Say the amount of money I have at day $0$ is $M_0$. Over the course of $N$ days, I want to spend an equal amount of money $f$ each day such that at the end of the $N$ days, I have $0$ left. However, each day after I spent my money, I loose a certain amount $x$ of money. What is the value of $f$ ?

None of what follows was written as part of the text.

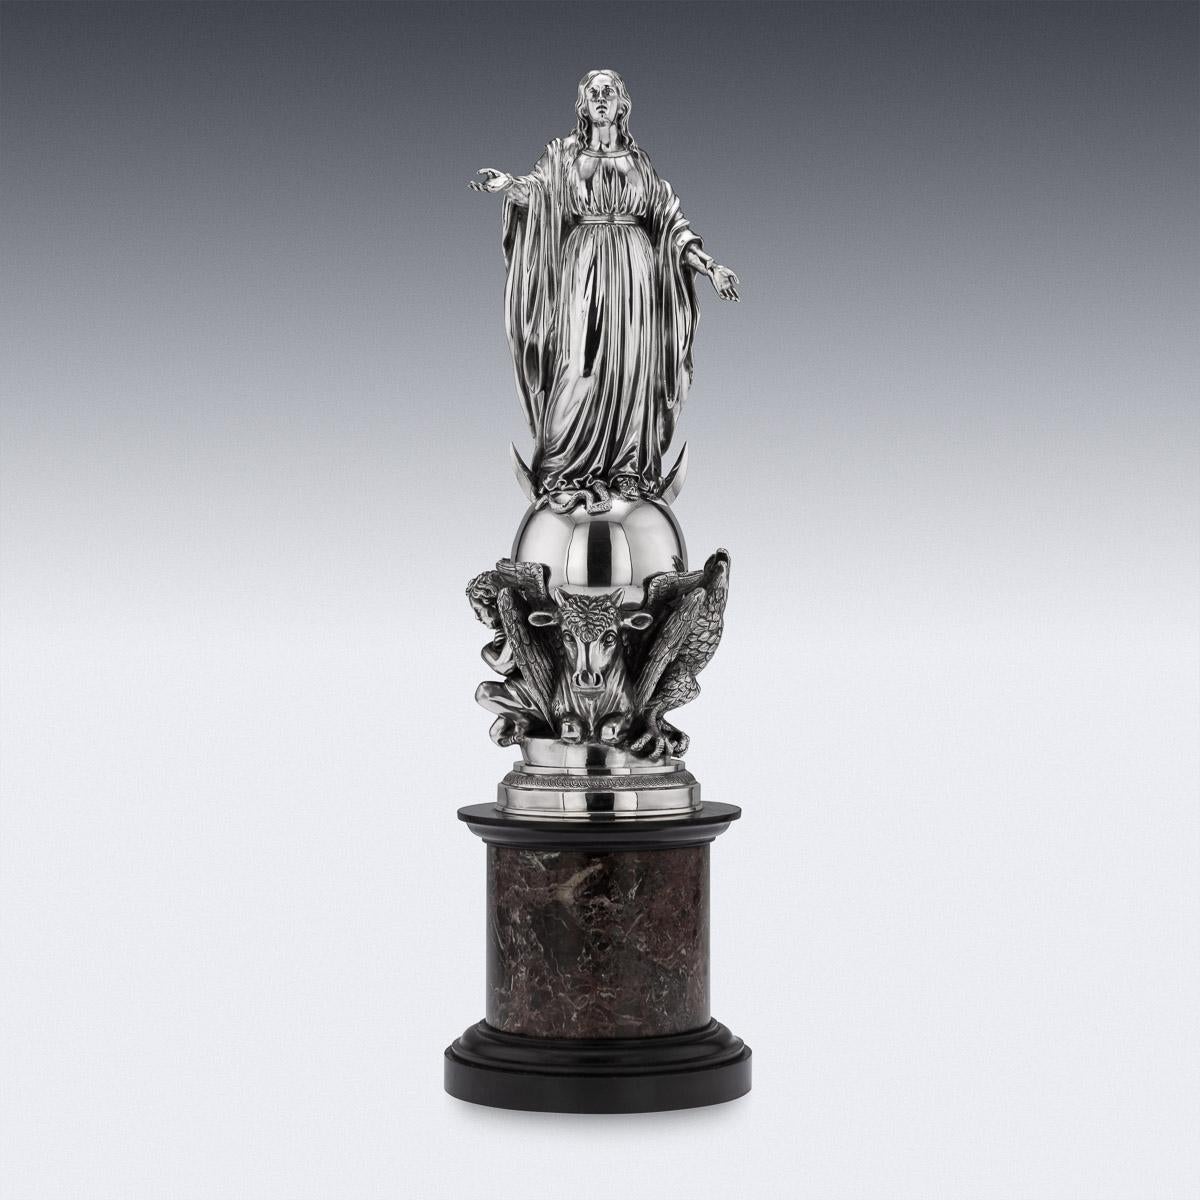 Antike französische Monumentalstatue aus massivem Silber des 19. Jahrhunderts, auf einem Marmorsockel stehend. Die Statue ist realistisch modelliert als gegossene Figur der Maria mit geöffneten Händen, die auf einer Schlange steht, beeinflusst durch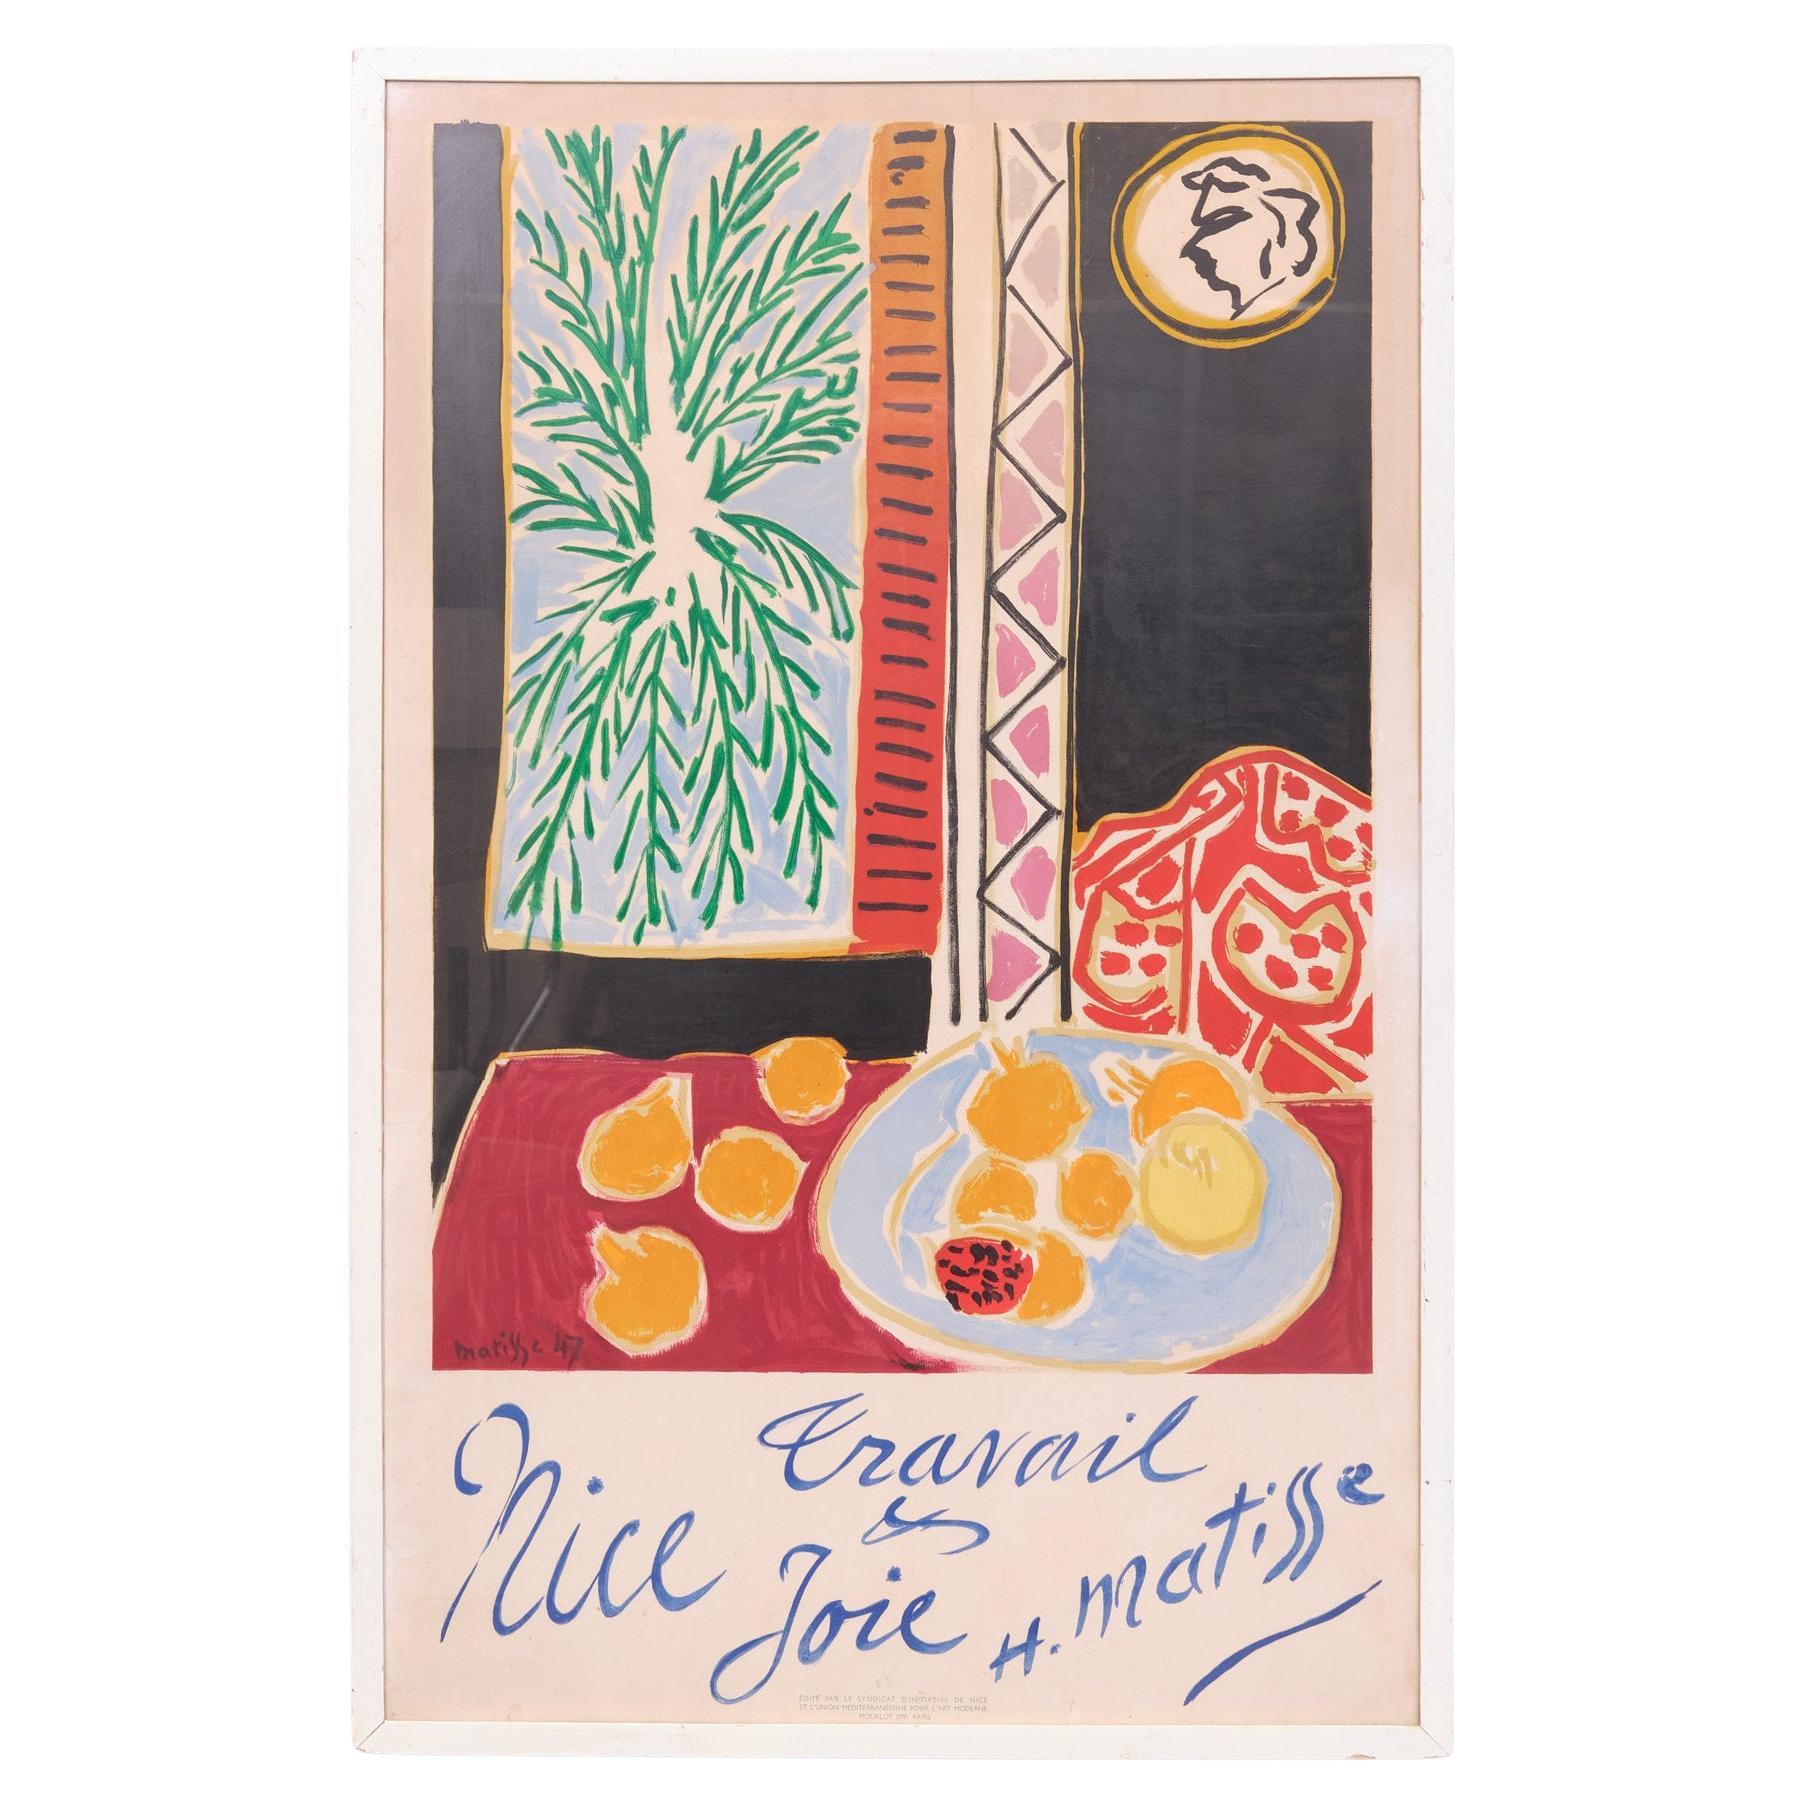 Henri Matisse, Reiseplakat im Vintage-Stil für Nizza, Frankreich, entworfen 1947

The case $x=0$ is already taken care, so let us consider that $x\neq 0$
We can write a sequence corresponding to our problem:
-day $0$: $M_0$
-day $1$: $M_1 = (M_0-f) - x(M_0-f) = (1-x)(M_0-f)$
-...
-day $N$: $M_N = (1-x)(M_{N-1}-f) = (1-x)M_{N-1} - f(1-x)$
This sequence can be solved and we find:
\begin{equation}
M_N = M_0(1-x)^N + f \frac{1-x}{x}[(1-x)^N - 1].
\end{equation}
At the end of the
$N$ days, we want
$M_N=0$, such that it can be solved for
$f$, we have:
\begin{equation}
f=-M_0 \frac{x(1-x)^{N-1}}{(1-x)^N - 1}
\end{equation}
If the money is taken before we can spend some, the sequence is a little bit modified:
-day $0$: $M_0$
-day $1$: $M_1 = (1-x)M_0 - f$
-...
-day $N$: $M_N = (1-x)M_{N-1} - f$
Again solving the sequence gives:
\begin{equation}
M_N = M_0(1-x)^N + f \frac{1}{x}[(1-x)^N - 1].
\end{equation}
At the end of the
$N$ days, we want
$M_N=0$, such that it can be solved for
$f$, we have:
\begin{equation}
f=-M_0 \frac{x(1-x)^{N}}{(1-x)^N - 1}
\end{equation}
For the specific example asked, we have $N=10$, $x=1.25\%$ and $M_0=100$, we can compute:
\begin{align}
f_{after} \approx 9.4435\\
f_{before} \approx 9.3255
\end{align}